The profiler notes that this chunk of code is largely back-end bound:

if (Field_Tiles[i].crop != NULL)
{
    uint32_t cropWriteIndex = writeIndex++;
    buffer->instances[cropWriteIndex].spriteIndex = 7.0f + Field_Tiles[i].crop->cropType;
    buffer->instances[cropWriteIndex].scale = 2.0f / Field_Width;

    buffer->instances[cropWriteIndex].pos[0] = Field_Tiles[i].pos.x;
    buffer->instances[cropWriteIndex].pos[1] = Field_Tiles[i].pos.y;
}

More accurately this line is a large contributor to our memory access woes:

buffer->instances[cropWriteIndex].spriteIndex = 7.0f + Field_Tiles[i].crop->cropType;

Why is that? We’ll if we take a look at our Field_Tile structure:

typedef struct
{
    Field_Crop* crop;
    Field_Stage stage;
    Vec2 pos;
} Field_Tile;

Since “crop” is a pointer to a Field_Crop allocated at an arbitrary position on the heap, our hardware prefetchers can’t fetch it for us! (More information on heap allocations using malloc can be found here, See Part 2 for more information about the memory hierarchy)
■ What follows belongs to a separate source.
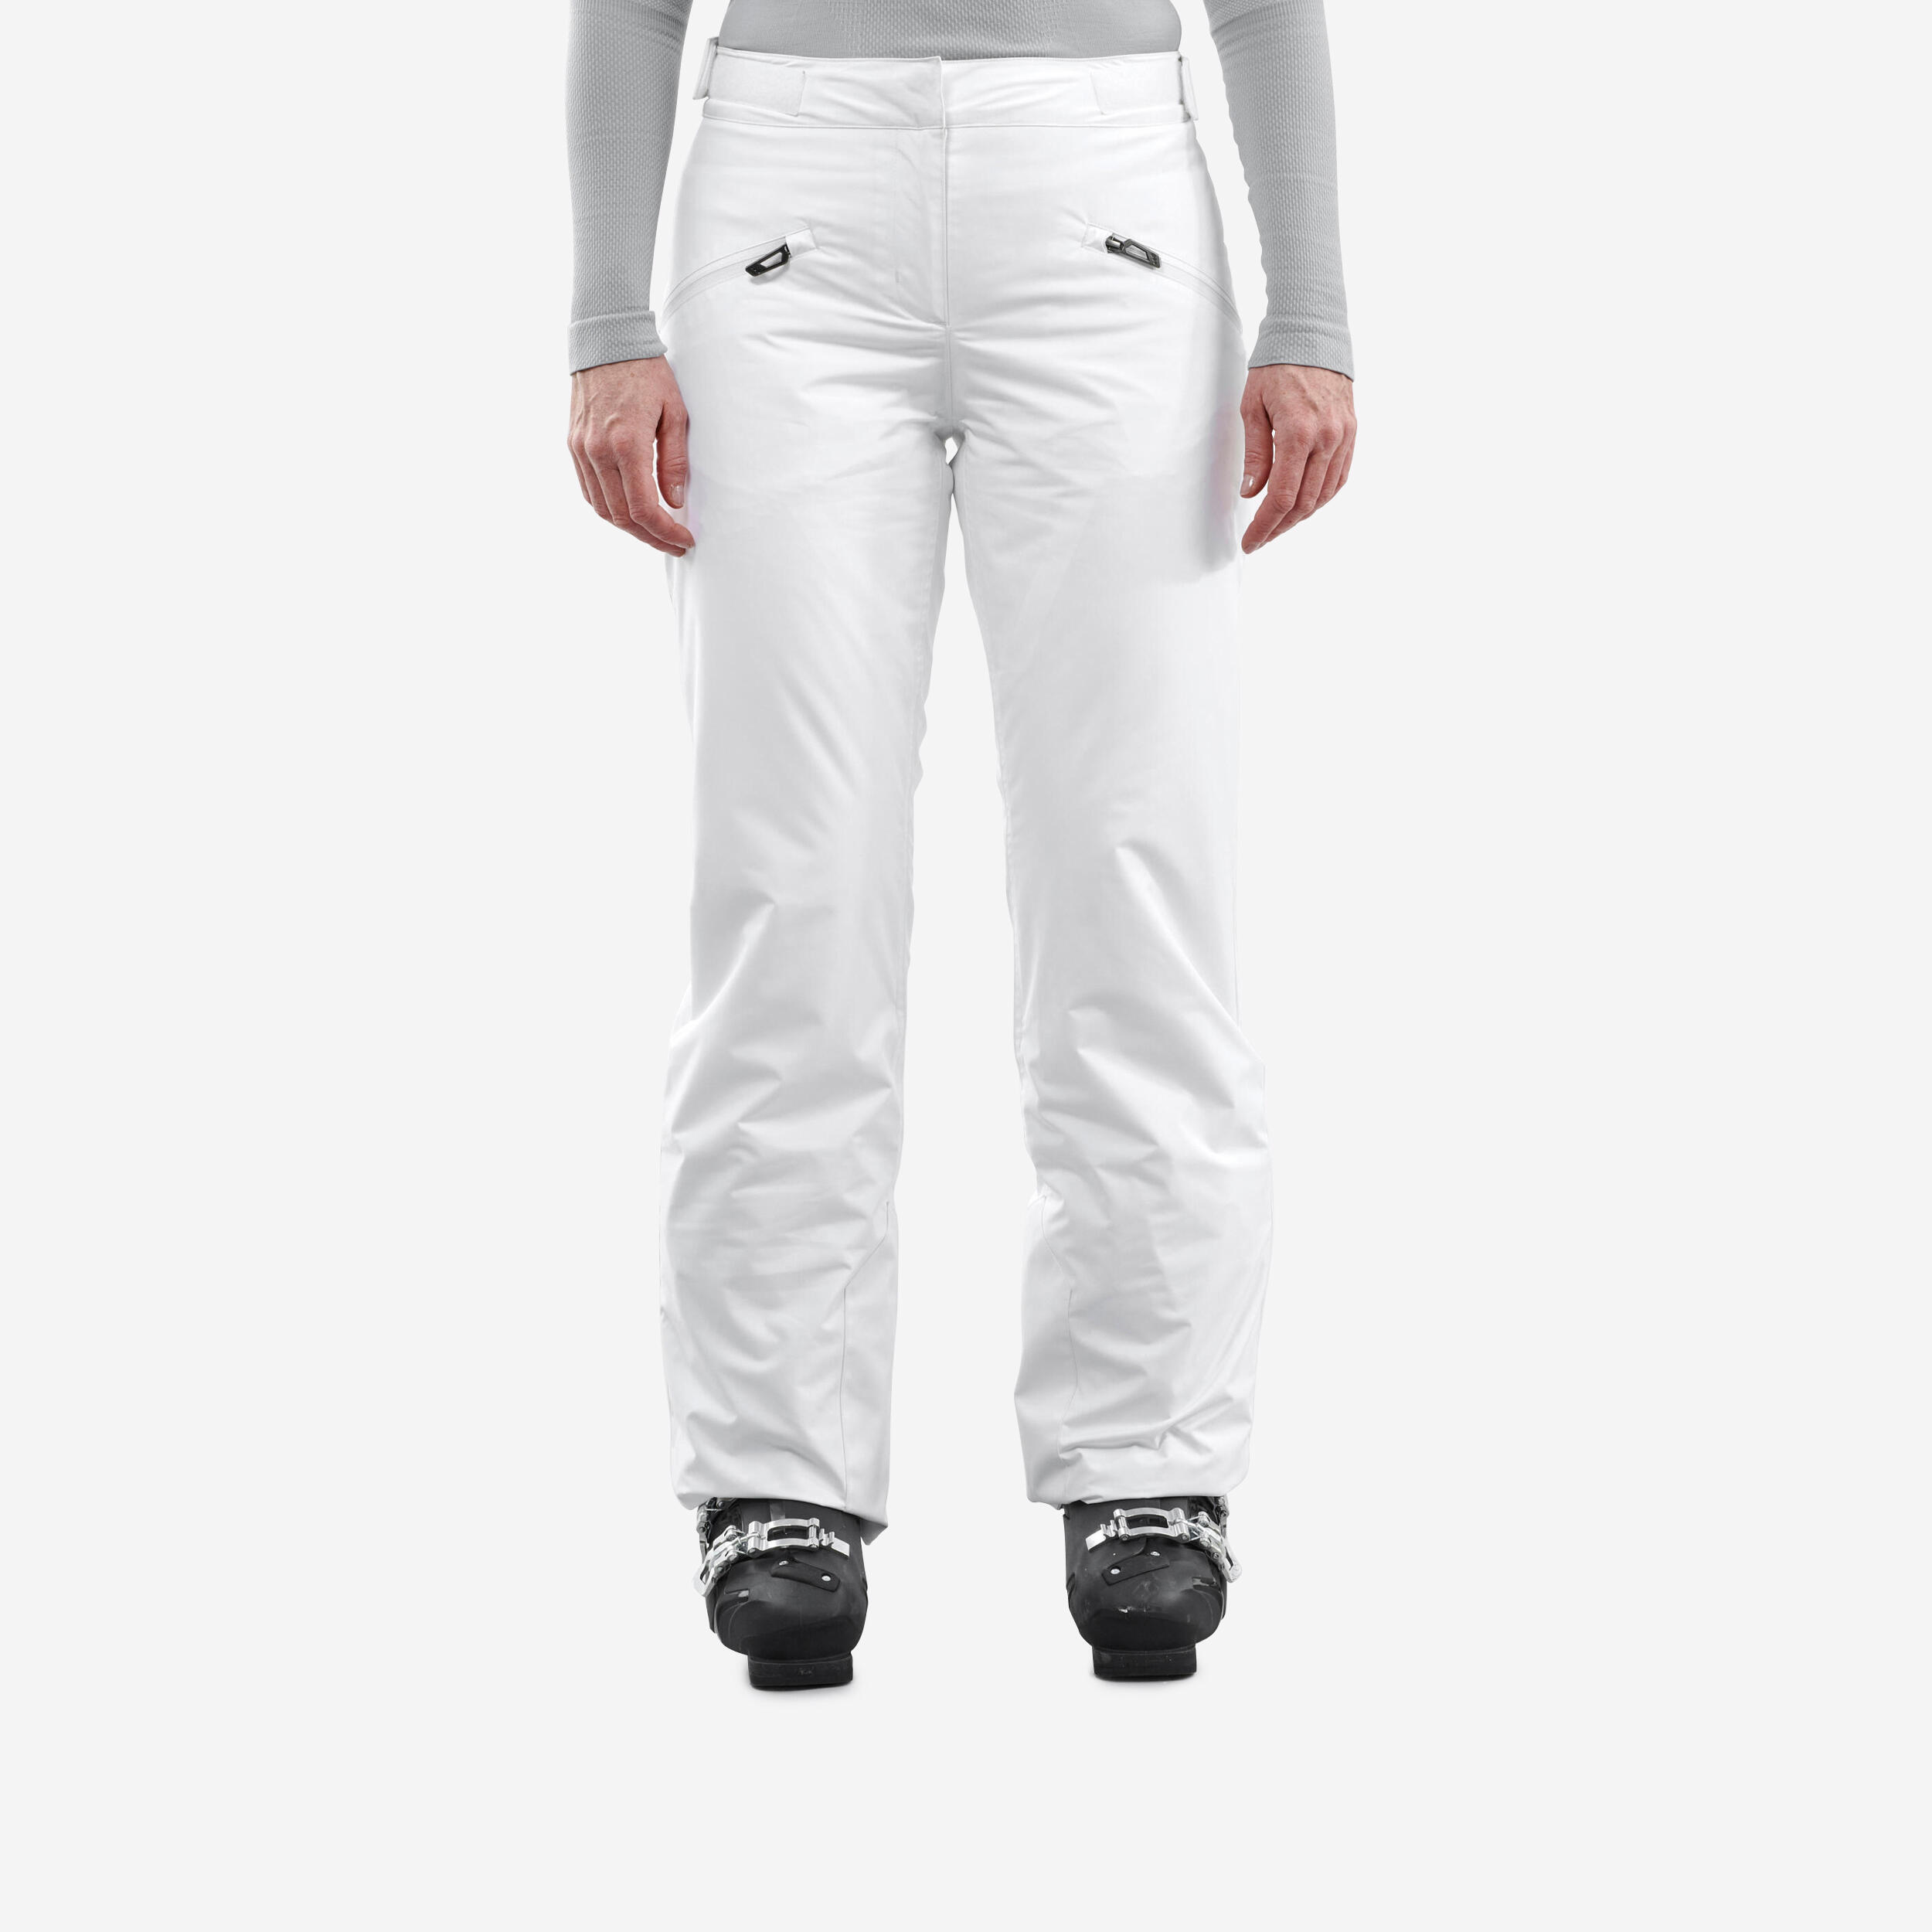 Pantalon d'hiver femme – ski 180 blanc - Blanc glacier - Wedze - Décathlon

As a result, we’re going to want to modify how crops are allocated and accessed. Instead of accessing the crops through their tiles, we’re going to move the crops into their own array and loop through the array directly as we generate the rendering information. This will improve our access patterns for the prefetcher and allow our memory to be nicely packed into cache lines.

Following this modification, we might notice that field_tick (inlined into game_tick) might also become faster! This is because instead of indirectly accessing the crops through their tile, we’ll be able to access them linearly in memory.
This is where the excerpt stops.